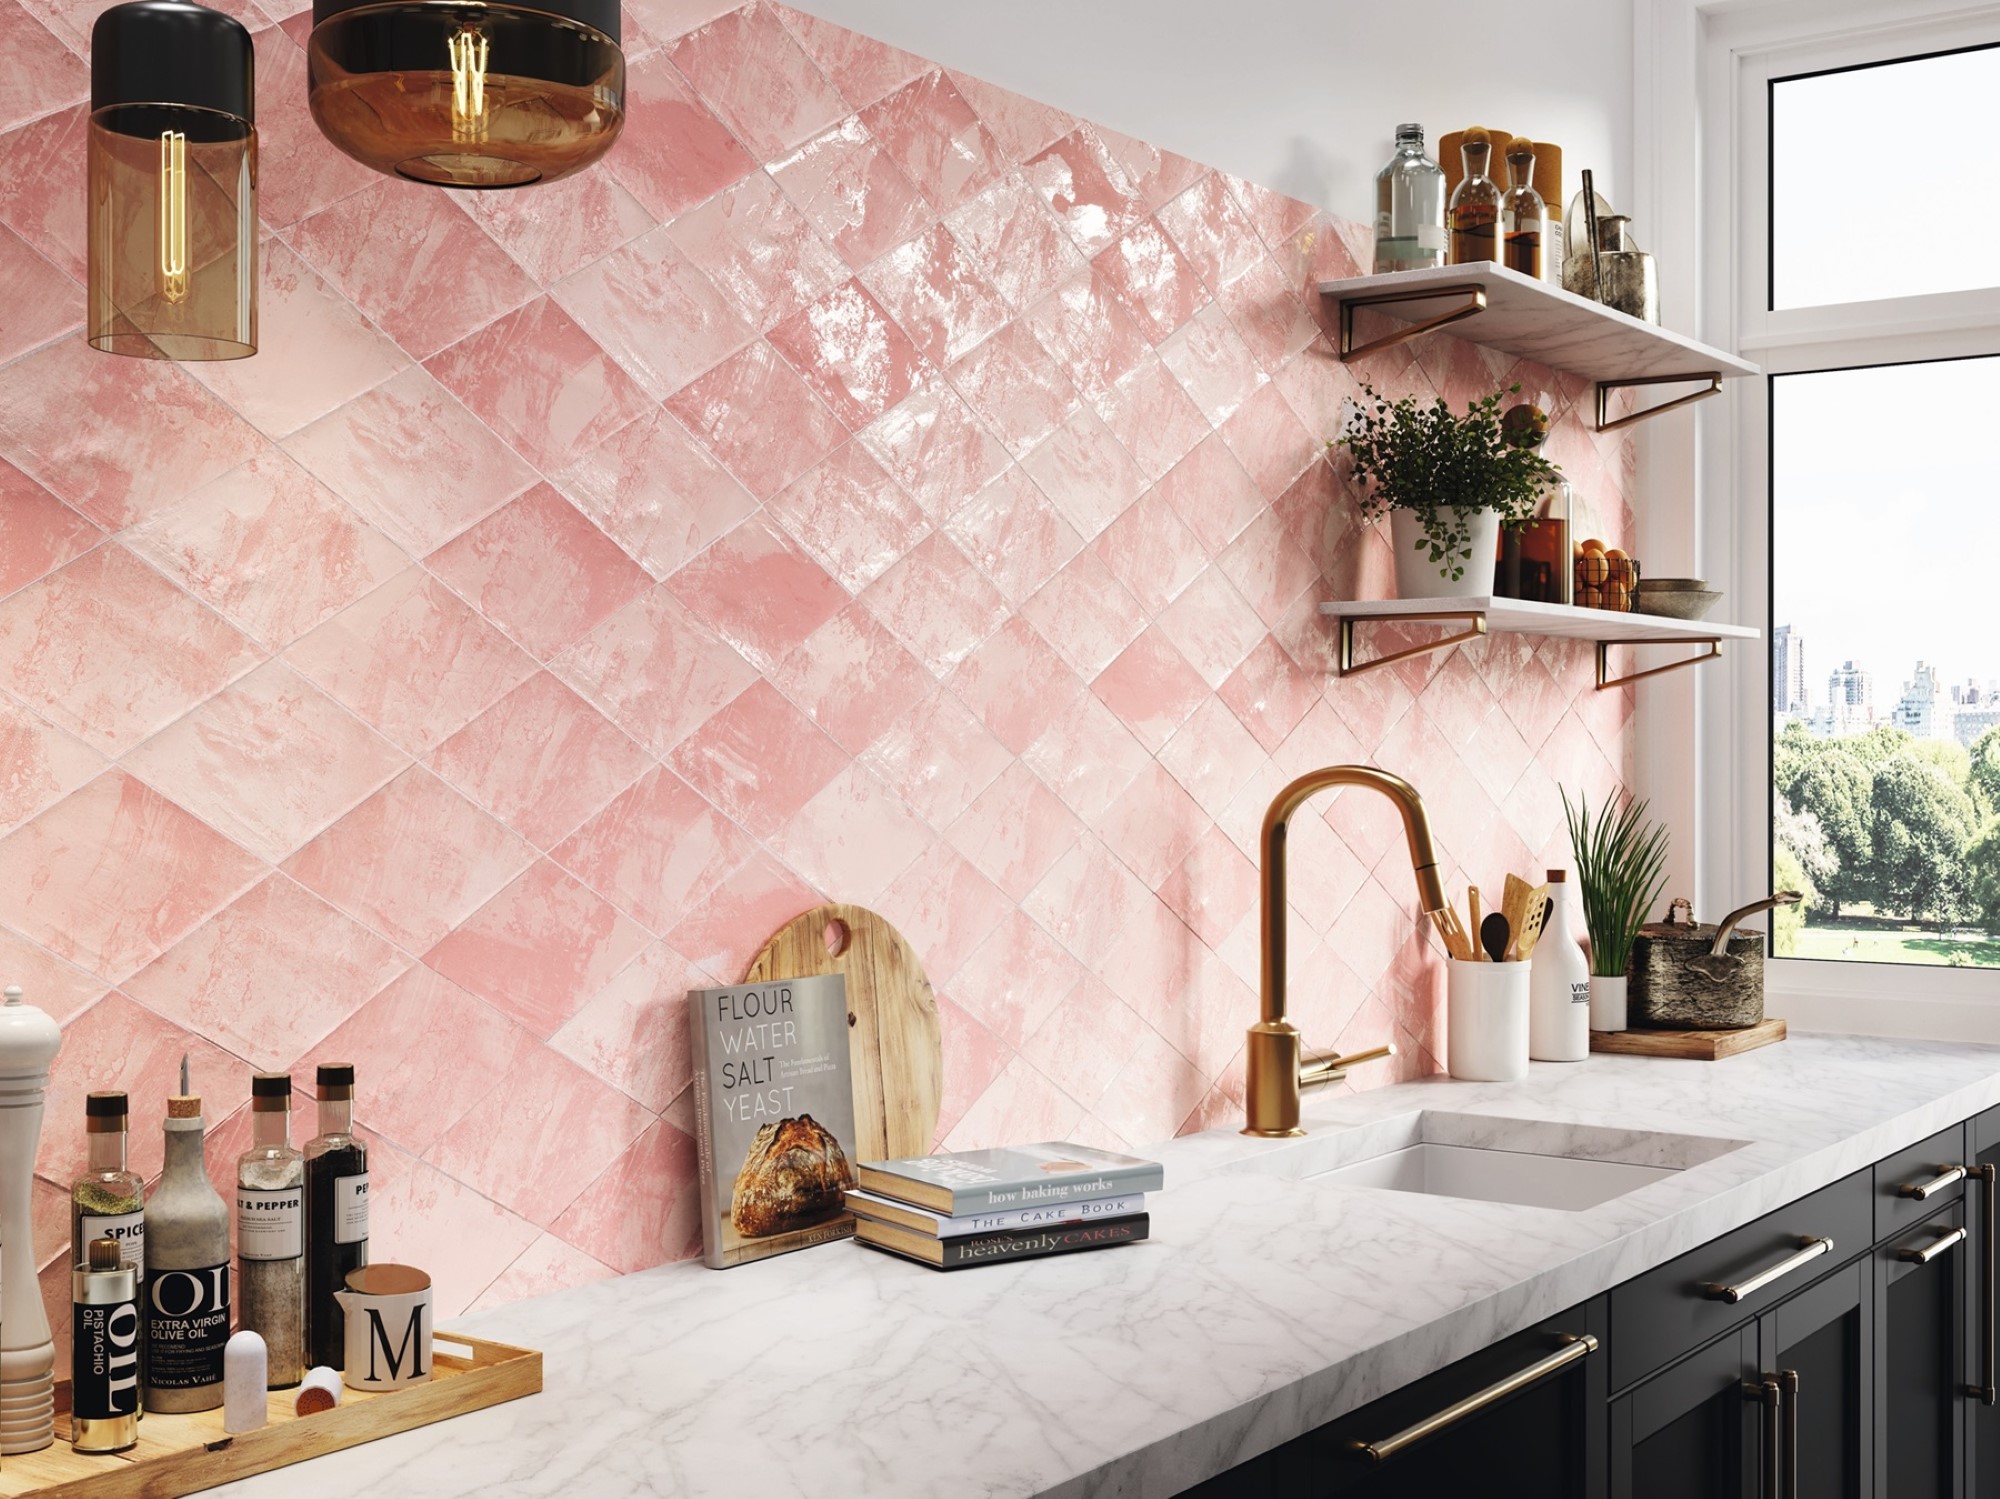 Pink tiles in a kitschy kitchen
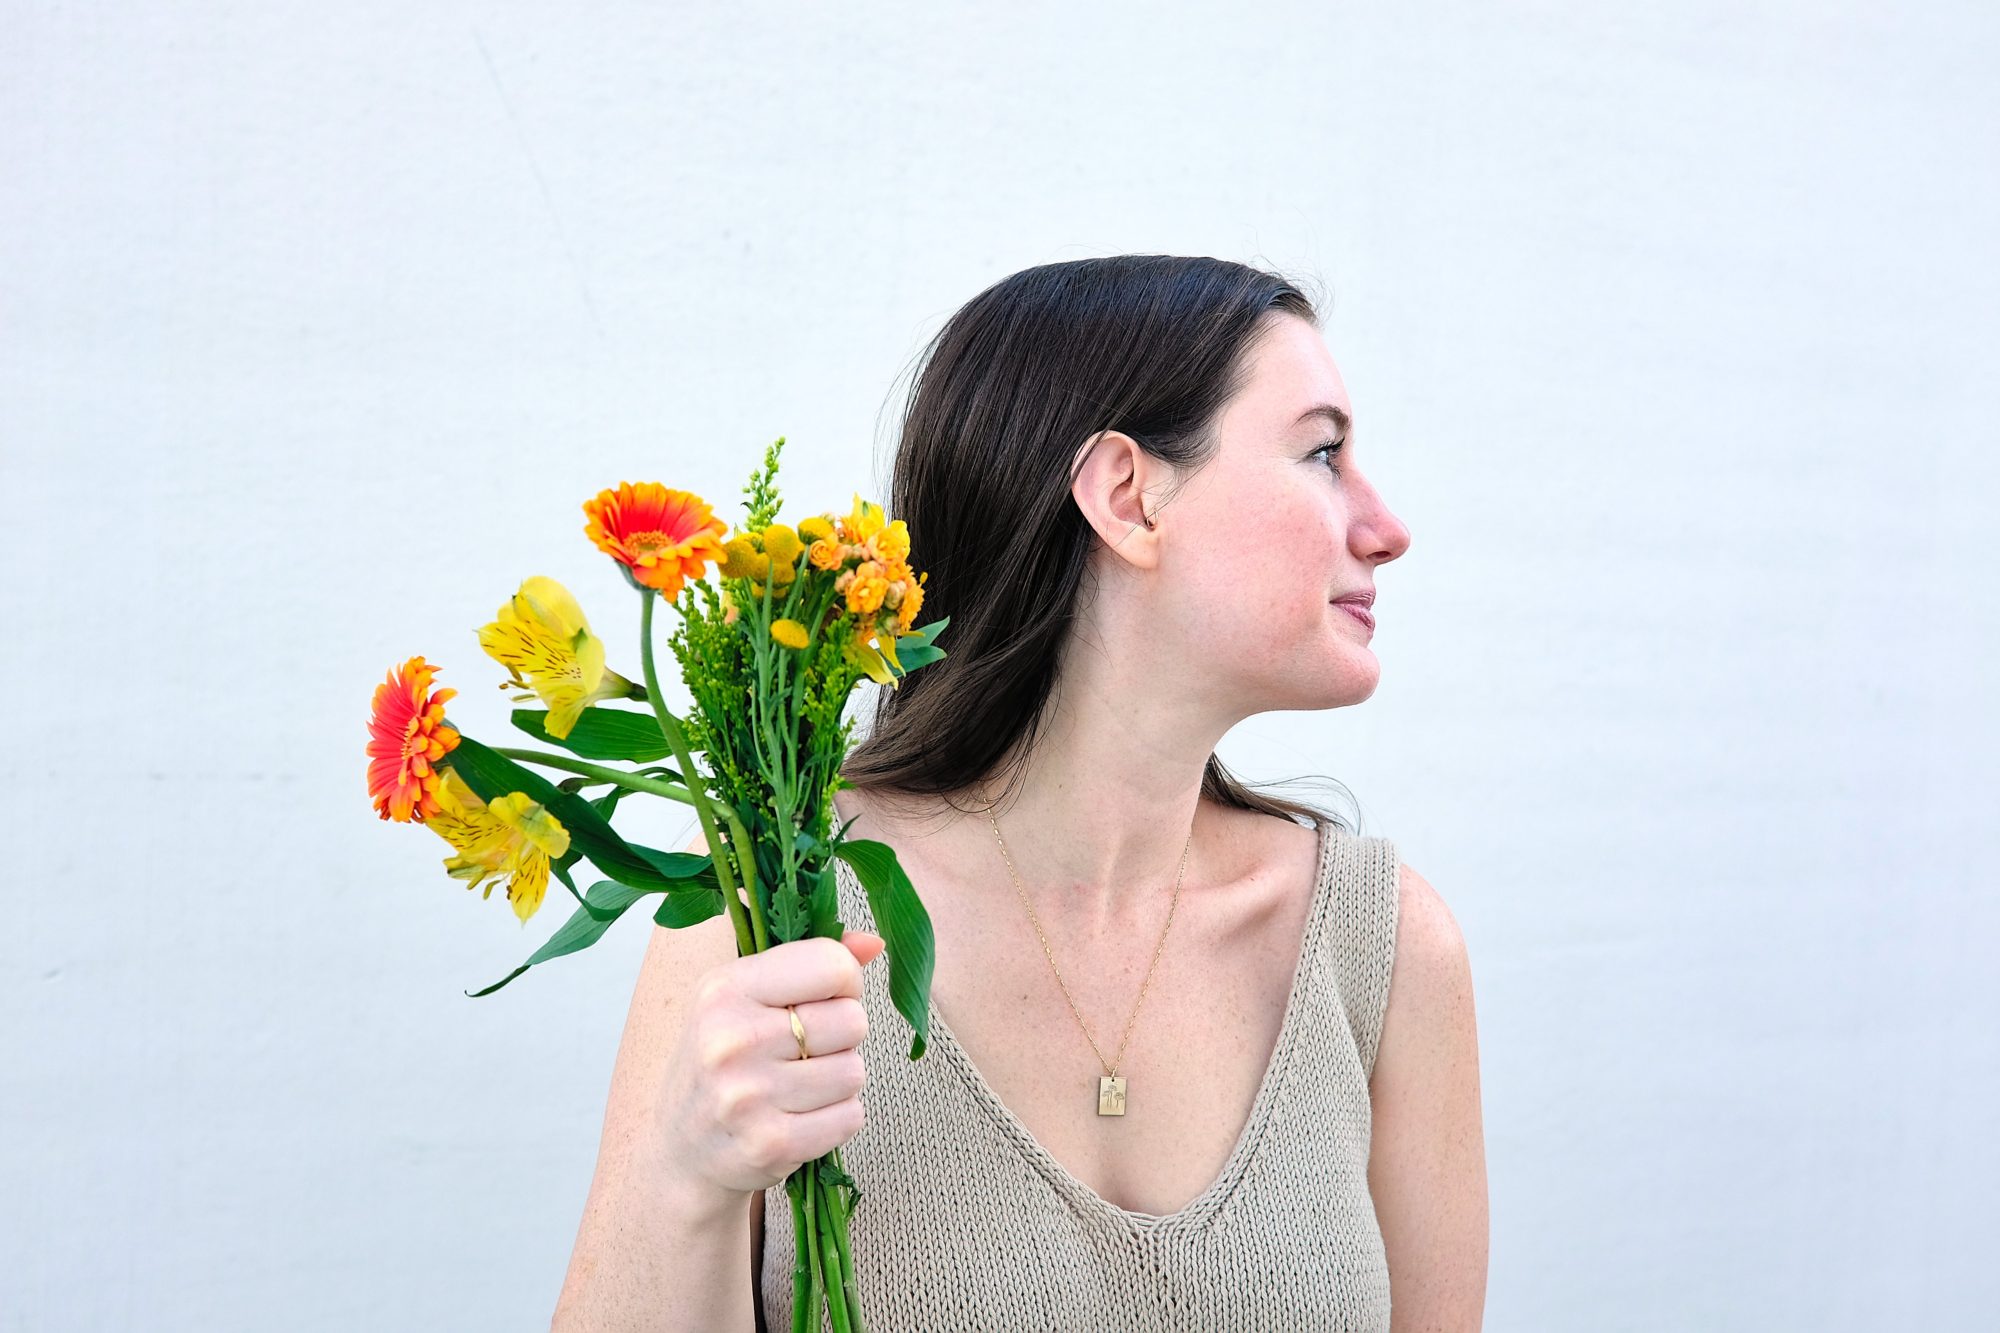 Alyssa holds a bouquet of flowers while wearing GLDN jewelry and looks away from the camera
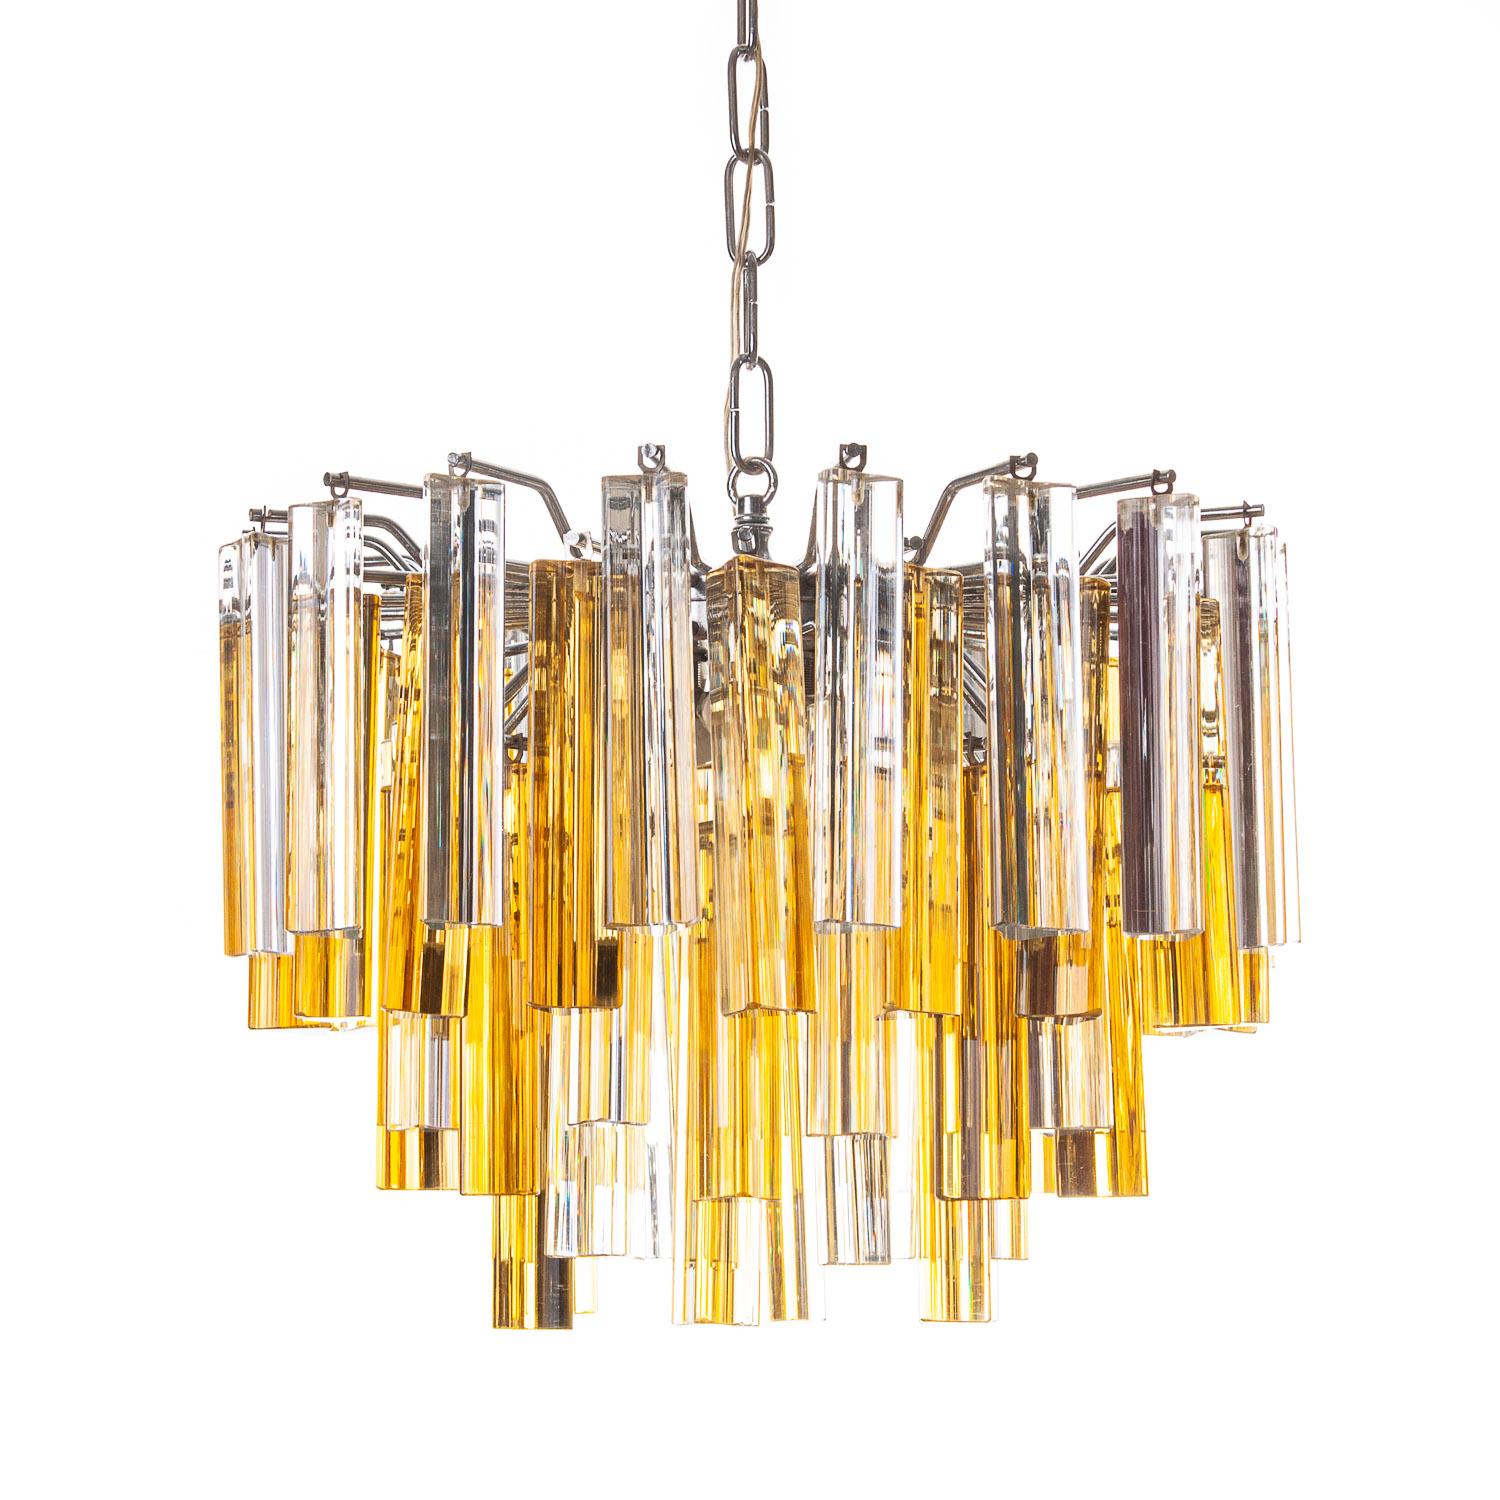 1960s Glass and Chrome Chandelier Attributed to Venini For Sale 6
______________________________
## [Task instructions]
Could you reproduce all of the data above exactly and skip any image?

## [Your response]
 Pink tiles in a kitschy kitchen
 Alyssa holds a bouquet of flowers while wearing GLDN jewelry and looks away from the camera
 1960s Glass and Chrome Chandelier Attributed to Venini For Sale 6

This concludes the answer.